Part 2: Latin Geographical Terms and Personal Names

The Vermont (excluding the initial “landscape design” of 1785), Connecticut, and NOVA EBORAC coppers, and, to a lesser extent, the IMMUNIS/IMMUNE COLUMBIA patterns all show their deep indebtedness to the model of English halfpence by employing as types crude renderings of the laureate and mailed busts of George II and George III (Fig. 1) and the seated figure of Britannia, occasionally reworked as a personification of Liberty or possibly the State. Thus it is hardly surprising that the designers of these coins should also have used Latin inscriptions, just as did the regular English halfpence or Connecticut coppers (Fig. 2) that they used as typological models. Because of the long tradition of Latin legends on European coinage in general, it is also less than remarkable that when more avant-garde American coin designers developed inscriptions for their new coinages, they too preferred to use this international language.

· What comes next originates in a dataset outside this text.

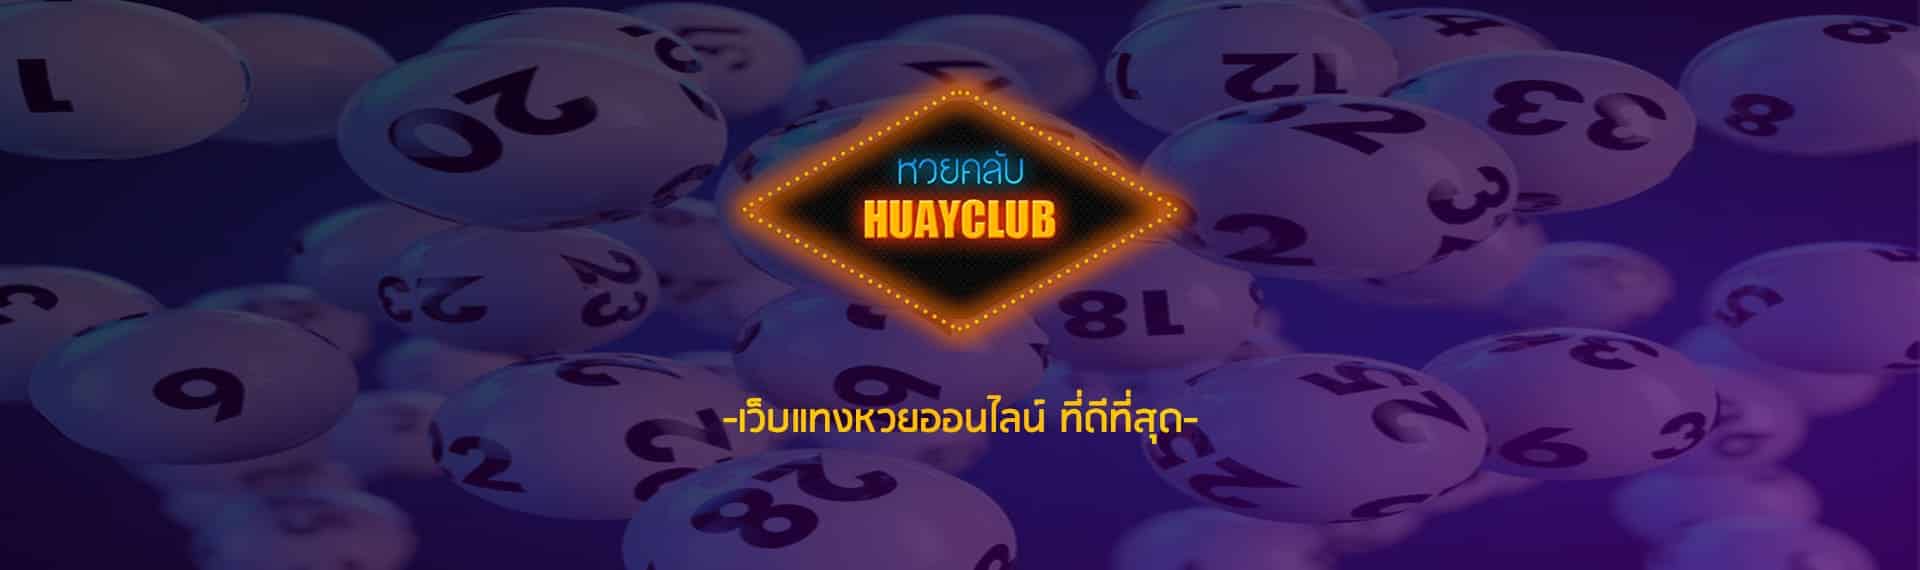 huayclub lotto 3

Fig. 1. Great Britain: England. George III. AE halfpenny, 1774. Peck 907. (ANS 1949.65.44) 29 mm.

Fig. 2. United States: Connecticut, Machin’s Mills. AE “copper,” 1786. (ANS 2005.37.331, gift of the Colonial News-letter Foundation, ex Edward R. Barnsley coll.) 28.8 mm.

Geographical Terms

On official and private issues of Vermont, New Jersey, and New York, the names of these states were regularly translated into Latin, but frequently with some difficulty. The coin designers of New Jersey and New York had a somewhat easier time in that these states were named after an island in the English Channel and a northern English town, respectively, both of which received their Latin names during Julius Caesar’s initial invasion of Britannia and the later Roman occupation. The Island of Jersey had formerly been Roman Caesarea, while York was the English name for the Roman colony of Eboracum (a Latinized form of Celtic Eburacon, possibly meaning “the place where yew trees grow”). Nevertheless, while the designer of the New Jersey coppers (Fig. 3) was consistent in his use of the Latin word nova (“new”) to distinguish the American Caesarea (Jersey) from its British counterpart, there seems to have been some difference of opinion about the proper way to express “New York” in Latin. We find James F. Atlee preferring the adjectival prefix neo- (“new”) for the NON VI VIRTUTE VICI coppers of 1786 (Fig. 4) and his 1787 patterns, while Ephraim Brasher and John Bailey used the feminine adjectival form nova for their respective New York doubloons (Fig. 5) and NOVA EBORAC coppers (Fig. 6) in 1787, despite the fact that for a neuter city name such as “Eboracum” the adjective should have been the neuter form novum. These engravers all appear to have been under the mistaken impression that the grammatical gender of the city name was feminine (i.e., Eboraca). One suspects that this error stems from poor knowledge of Latin on the part of the engravers and the influence of the NOVA CONSTELLATIO coppers of 1783 and 1785 (Fig. 7) and perhaps the NOVA CAESAREA of contemporary New Jersey coppers (Fig. 3). Atlee also appears to have been confused about the grammatical gender of New York in Latin, for on his 1787 patterns, he made the city into a masculine Neo-Eboracus.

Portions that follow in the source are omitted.